Vielen Dank im Voraus, Sarah


----------



## eiszeit (12. Juli 2022)

Hallo Sarah,

ist ne Noris Shakespeare Rute, Anfang der 70er Jahre, damalige Kosten um die 54 DM.
Da der Zustand nicht mehr der Beste ist, würde ich so um die 5-10€ sagen.


----------



## Floma (13. Juli 2022)

Mila2o schrieb:


> Und wo am besten verkaufen? Ebay?


Ich befürchte, da bleibst du am Mindestgebot kleben, weil das afaik kein gefragte Sammelstück ist. Die kurze Laufzeit auf ebay wird also kaum ausreichen um genügend Interessenten zu versammeln, damit sich ein realistischer Preis bildet. Wenn du die Rute auf (ebay) Kleinanzeigen - mit von mir aus VHB 25 Euro - einstellst und Geduld mitbringst, wird sich schon jemand finden, der die Angel für akzeptablen Preis kaufen will. Der Aufwand für das Beantworten von Anfragen ist aber da. Ich würde das Teil aufräumen und nicht weiter darüber nachdenken.


----------



## Blueser (13. Juli 2022)

Ich ahne schon, auf was das hinaus läuft: "was ledze Preis?" ...


----------



## Der mit dem Fisch tanzt (13. Juli 2022)
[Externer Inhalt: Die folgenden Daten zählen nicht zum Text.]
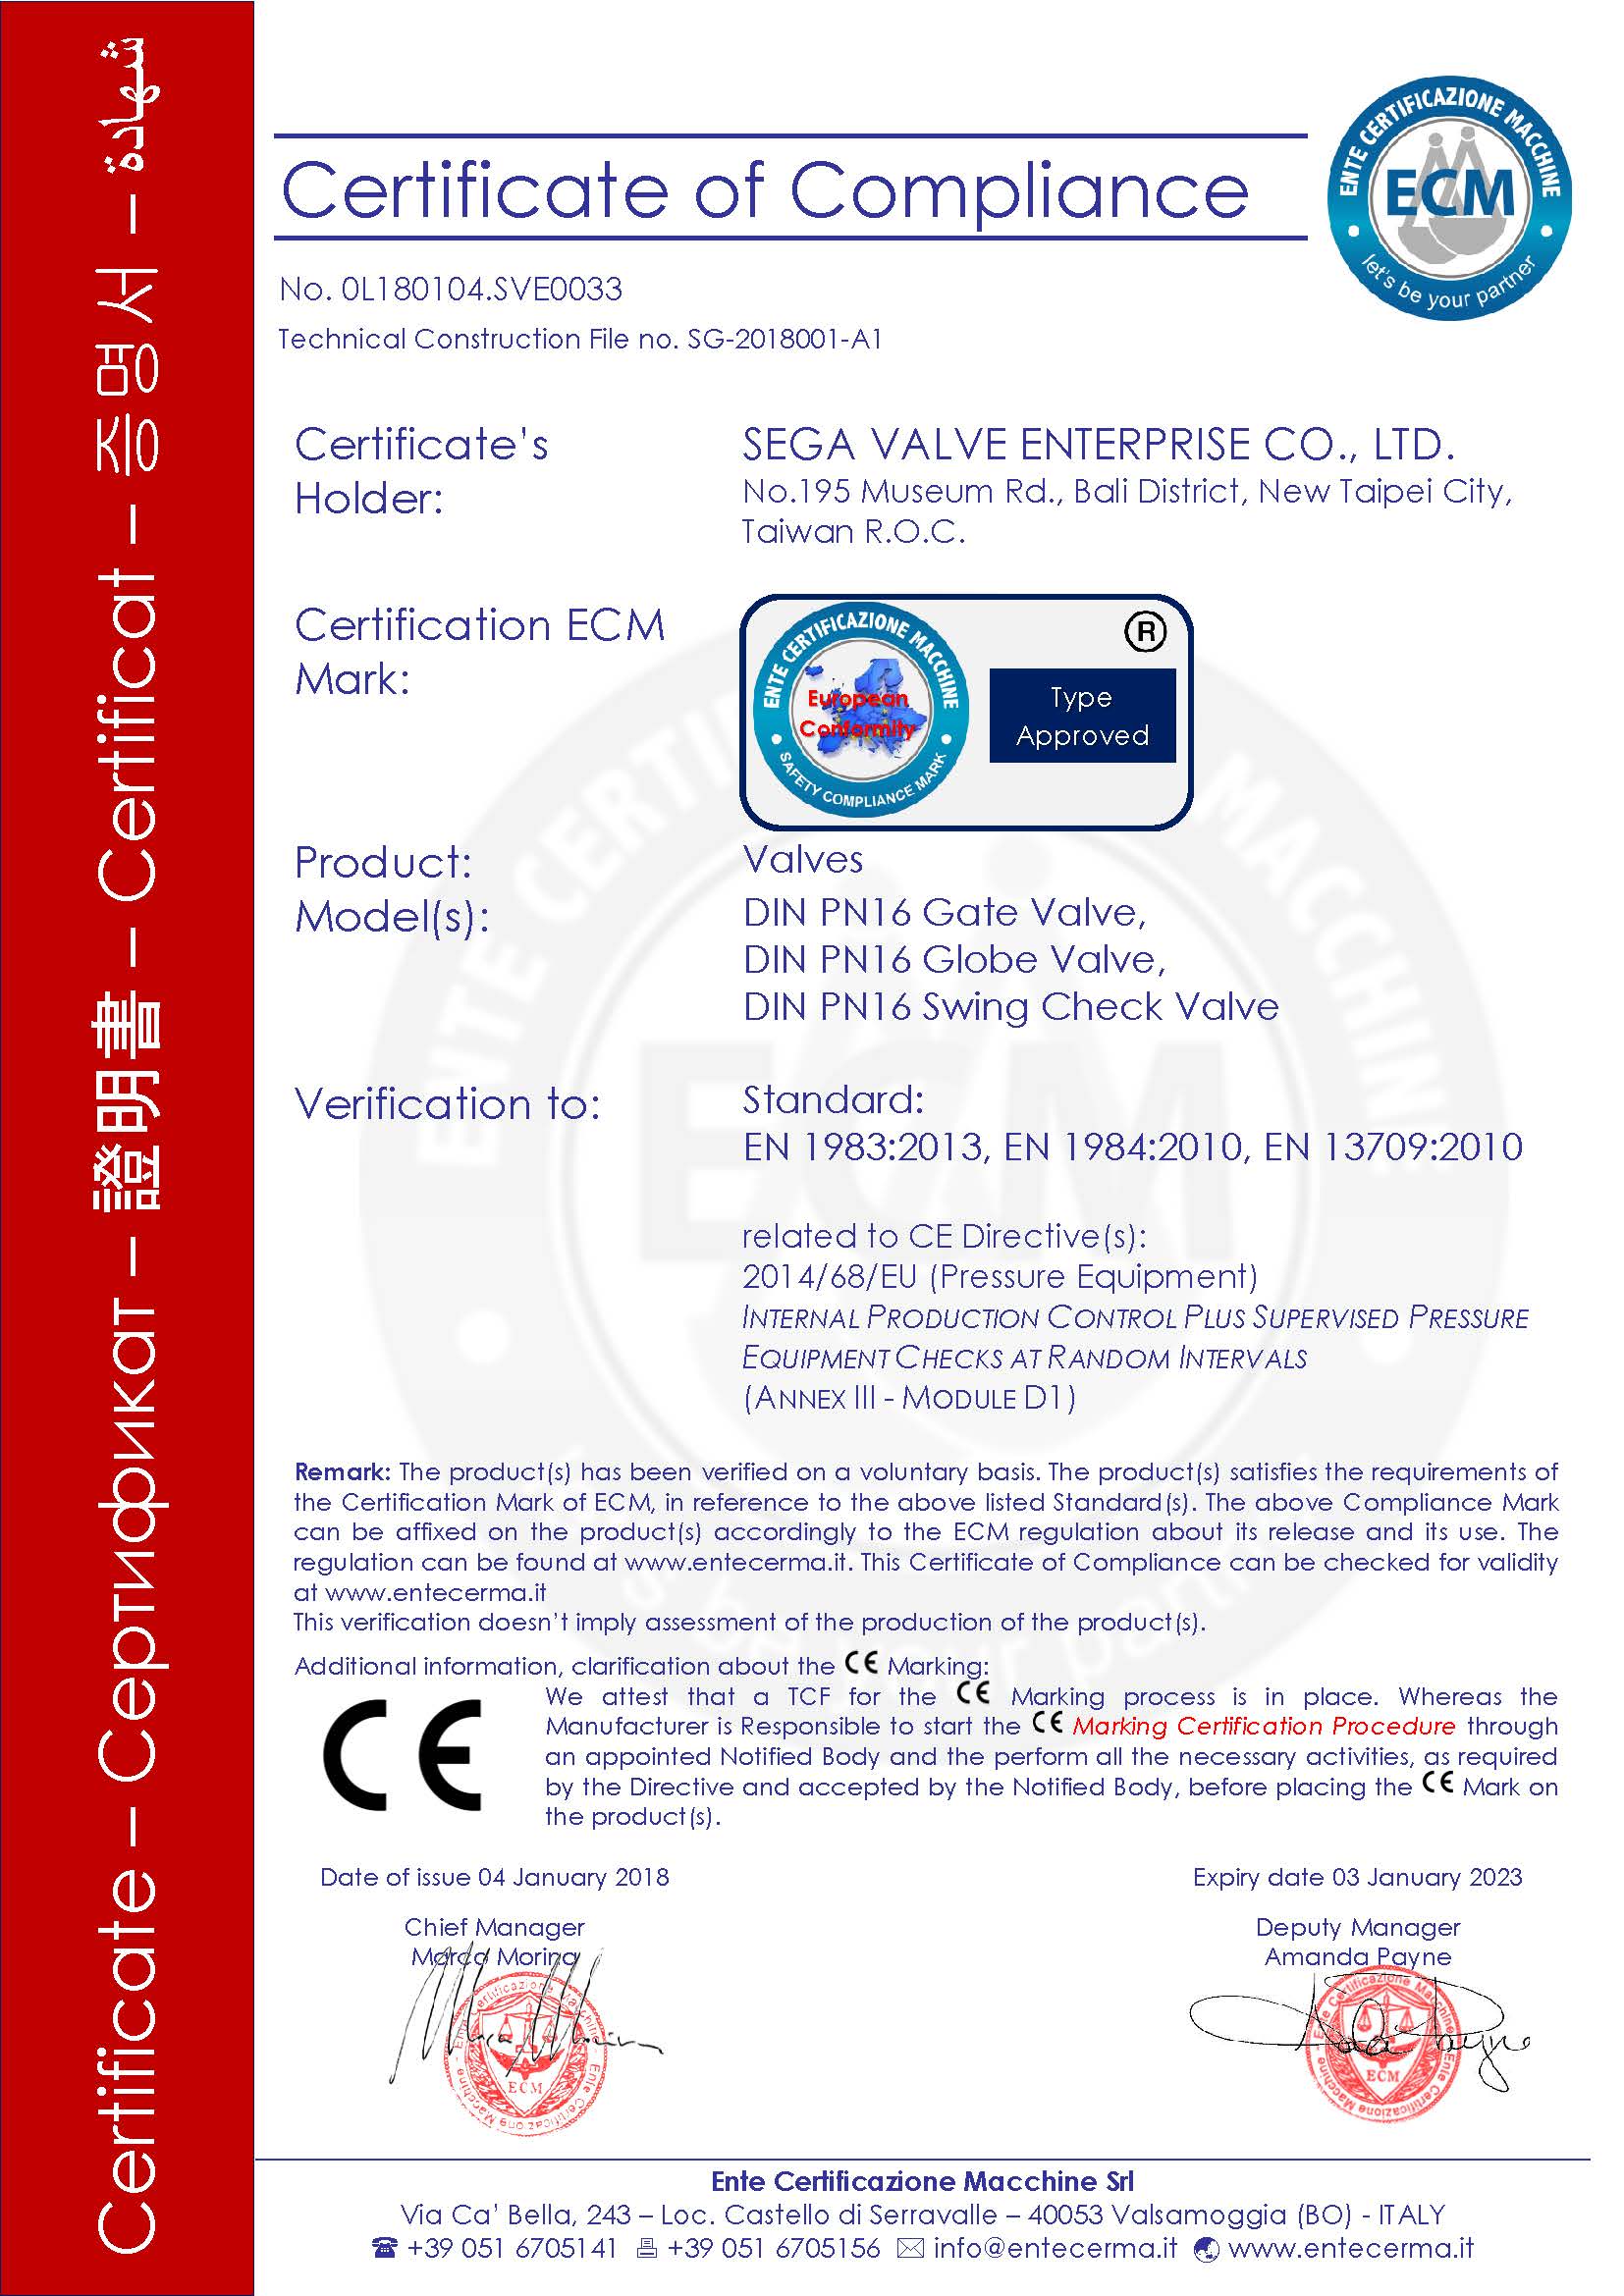 S.G.VALVE's certificate

Ich würde die Rute selbst fischen, zusammen mit einer schönen alten Rolle von Noris Shakespeare! Welche wäre empfehlenswert? Wäre eine schöne Reiserute, z. B. fürs Mittelmeer oder die Atlantik-Küste für kleine bis mittlere Fischarten, etwa von Molen bzw. in Häfen...


----------



## Hecht100+ (13. Juli 2022)

Der mit dem Fisch tanzt schrieb:


> Ich würde die Rute selbst fischen, zusammen mit einer schönen alten Rolle von Noris Shakespeare! Welche wäre empfehlenswert? Wäre eine schöne Reiserute, z. B. fürs Mittelmeer oder die Atlantik-Küste für kleine bis mittlere Fischarten, etwa von Molen bzw. in Häfen...
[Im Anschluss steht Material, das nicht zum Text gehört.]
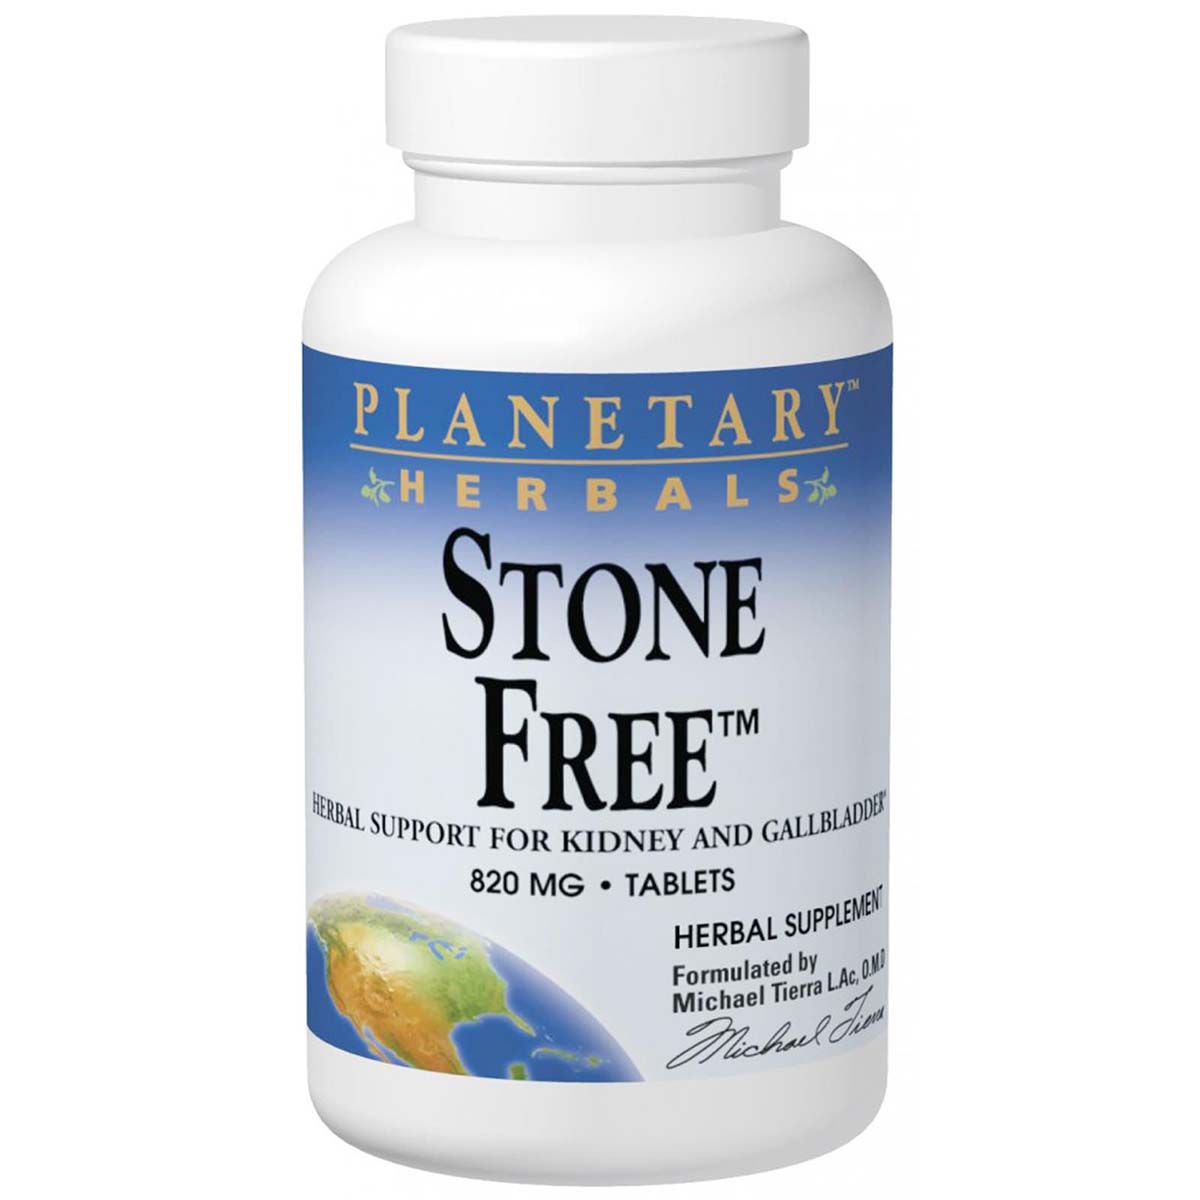 Planetary Herbals Stone Free, 820 mg, 90 Tablets

Namens und Stilgemäß wäre die Shakespeare Dynamic-Rollenserie passend, 2170, 2171 oder 2173. 2171 als Universalgröße wäre m.M.n. am besten geeignet. Etwas besser wäre die Europa-Klasse Deluxe, da vielleicht die 2210. Oder eine schöne Kapselrolle, Wonderspin 2662 Super.


----------



## Rheinangler (13. Juli 2022)

Der mit dem Fisch tanzt schrieb:


> Ich würde die Rute selbst fischen, zusammen mit einer schönen alten Rolle von Noris Shakespeare! Welche wäre empfehlenswert? Wäre eine schöne Reiserute, z. B. fürs Mittelmeer oder die Atlantik-Küste für kleine bis mittlere Fischarten, etwa von Molen bzw. in Häfen...
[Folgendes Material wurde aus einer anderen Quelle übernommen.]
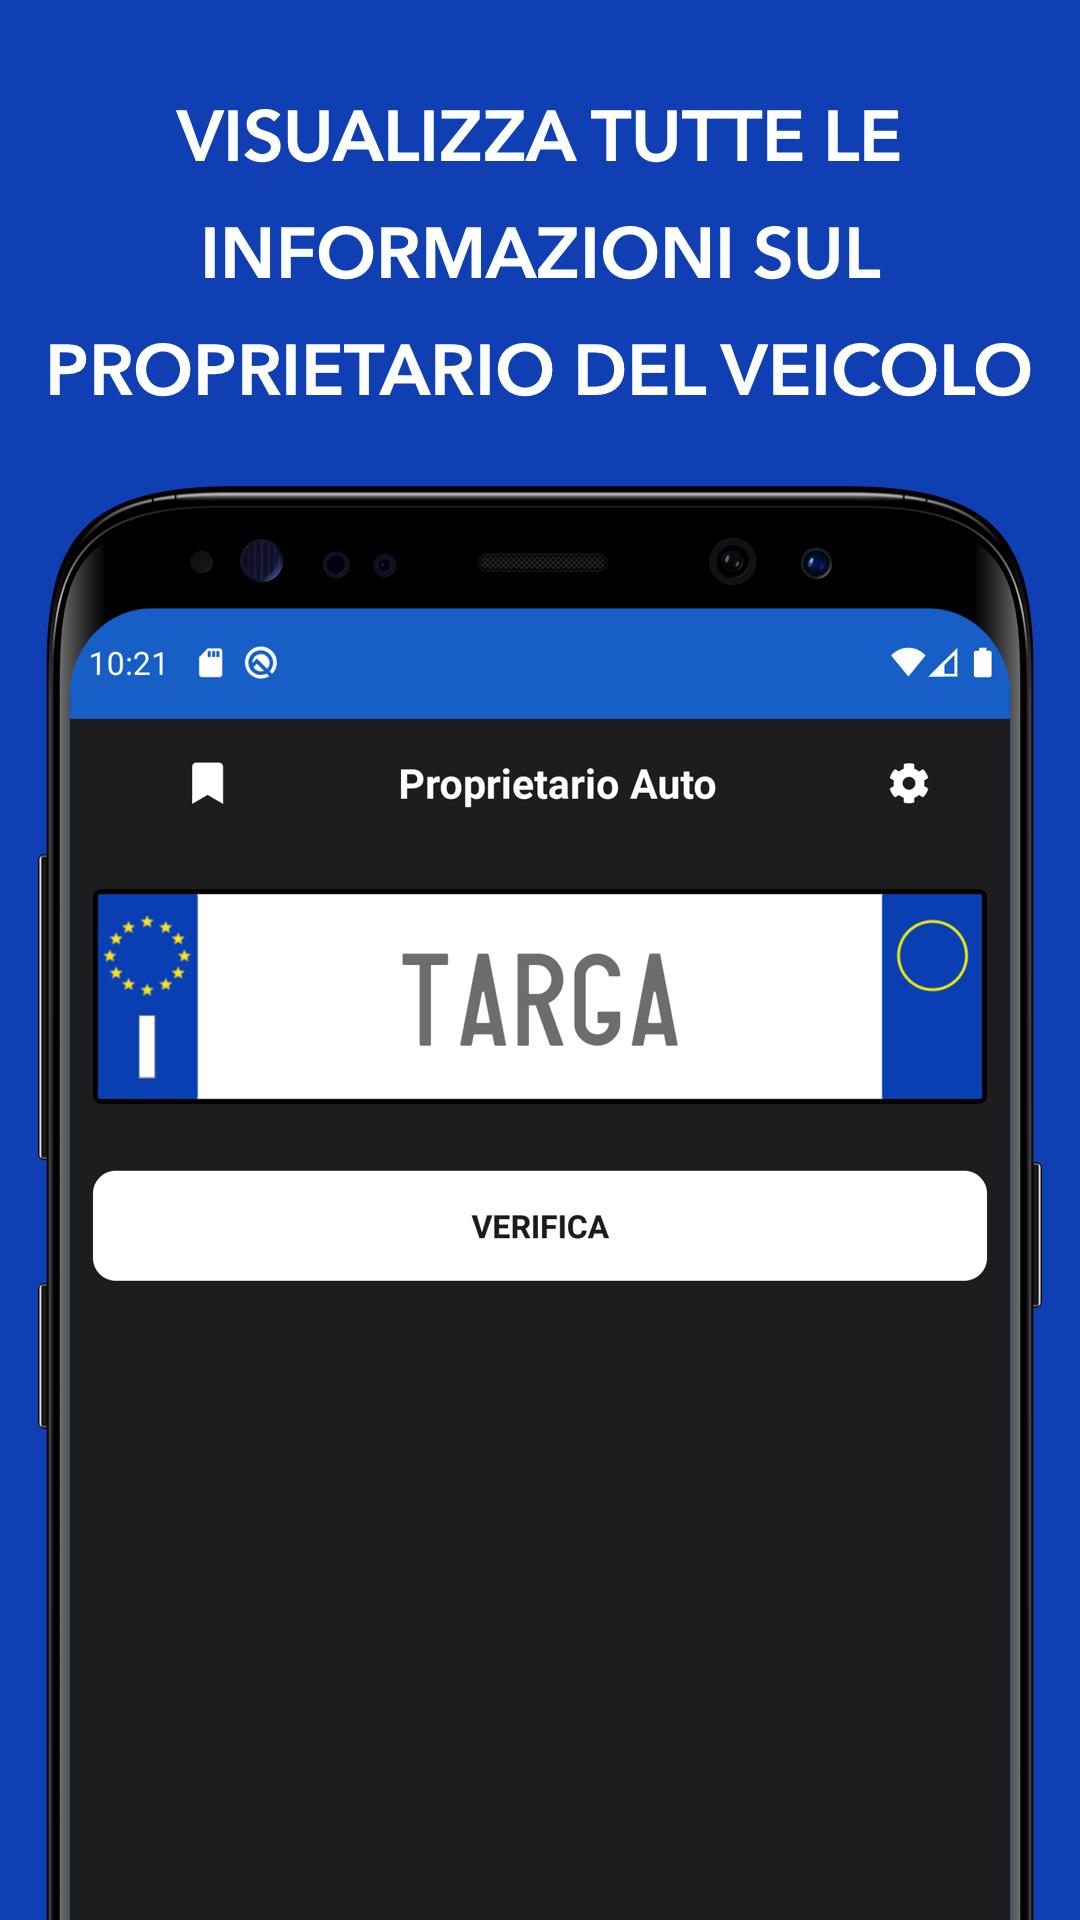 Proprietario Auto Targa Info - Visura Auto for Android - APK Download

Reiserute.... Willst Du die vorher noch durchsägen? 

Bei allem Sinn für Nostalgie. Aber das ist ein uralter Prügel, der früher seine Berechtigung hatte - heute aber aufgrund deutlich "sportlicherer" Materialien keine anglerische Bedeutung mehr hat. Aber wer es mag, kann natürlich gerne damit fischen. Man kann auch mit Holzski und Lederschnürung den Berg runter fahren - macht nur keiner mehr, weil es geeigneteres Material gibt. Die Holzski hängen deshalb nur noch zu Dekozwecken an Wänden der Skihütten.

Ich glaube daher, dass man so ein Museumsstück am ehesten als Deko in einer Fischerhütte an die Wand nagelt - gerne auch zusammen mit einer alten Rolle. Da wird sich dann auch evtl. irgendwann ein Käufer auf Ebay Kleinanzeigen finden. Von einer aktiven Nutzung im Sinne von Fische (versuchen) zu fangen würde ich persönlich abraten.


----------